她不知道,阿木尔未来的命运是怎样的。在幻梦里,她只会想到小兄弟纳则尔,只会想到在什么时候能够避开所有侍卫,最多会想到他们要挑上哪一匹马,该在哪里换马。可是其余的一切,她还未曾好好想过。
只有在生下布日古德的时候,一个念头在她的心中一闪而过:如果我逃走了,我的孩子该怎么办呢?很快,她的担忧便一扫而空,何必带走孩子呢?她并不怎么爱孩子们——千万不要责怪她,生下这些孩子难道是她心甘情愿的?可阿木尔不一样,她出生时,纳则尔已经长成了颀长的少年,于是母亲的天性便全部倾注在了这个同她长得一模一样的小姑娘身上。如今汗妃却不得不抛下她,若是稍微心软一些,也许自己一辈子也没有逃离的机会了。
她也不知道,李寻欢的身体一天比一天差,却总是笑着对她说道:“和昨天比起来,我感觉好多了。”她跟着父母学习医术时,从未见过病得这样重的人。族人极少生病,母亲说这是因为他们没有多少烦恼,他们爱自己的家人,爱自己的牲畜,也爱诗歌,所以他们总是愉悦的。唯一的危险是被烈马摔下马背,可到了他们手里,也能转危为安。父亲曾打趣道:“只要病人还能笑一笑,那他一定能活下来。”
李寻欢却是个例外。他的心中充满了哀恸,却总是微笑着;他明明极不舒服,却总是嘴硬说自己已经好多了,她假装离开,躲在门边,只见他正蜷缩成一团,一只手无力地从榻上垂下,另一只手紧紧地抓着心口,费力地喘息着。此刻他的生命全靠药吊着,但汗妃却执拗地认为,他绝不会死去。她似乎也不害怕他有朝一日会咽气,反而怀着天真的幻想:“也许他已经知道了我的心意?我什么都不求,只要他在咽气前一刻,能够想起我,哪怕只是如野兔般一闪而过,我也就心满意足啦!”
日子一天天飞逝着,李寻欢在命运的注视下,向着死亡缓缓地挪动。他不再悲哀地想着,自己即将死去,也不再计数活着的日子。有时,他会感到魂魄抽离了自己的身体,悬停在半空中,无言地打量着病榻上这具饱经摧残的躯体。

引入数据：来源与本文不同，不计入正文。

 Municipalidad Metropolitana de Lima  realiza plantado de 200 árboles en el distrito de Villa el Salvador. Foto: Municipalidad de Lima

死亡已经成为了一件稀松平常的事情,年幼时,他就知道自己的姨母离开了人世,所以诗音才来到了自己身边;年少时,他先后同母亲、父亲作了最后的告别。踏入江湖后更不必说,他的飞刀让所有人踏入鬼门关,而他的性命也握在别人手中,只要稍微有些差池,便会一命呜呼。
他之前也并不害怕死亡,只是在这世上还有太多的遗憾,太多的牵挂。他不止一次地想,倘若诗音当初没能救活自己,该有多好。那时候一切都恰到好处,他远离了一切纷争,诗音陪伴在自己身边,然而他偏偏又活了很久,一切却永远不可能为他一人停滞,于是,就如同荡到最高点的秋千一般,只要眨一眨眼,下一刻便已大不同了。他不能不挂念诗音和小云,不能不为他们仓促的告别而遗憾,尽管他知道自己会克死在异国他乡,他还从未想过此去竟是永别。
可死亡向来不是自己能决定的,他昏睡的时候一天比一天多,若不是被血呛到,也许自己再也醒不过来了。死并不可怕,看着自己一点点地僵化或许才更令人心惊,他却已经毫不在乎了。他病得太重,既然身体的衰败已无力挽回,那么就多想想诗音,想想小云,猜猜他们如今身在何方,过得如何。他念想着,猜测着,仿佛自己真的回到了家乡,回到了他们身边。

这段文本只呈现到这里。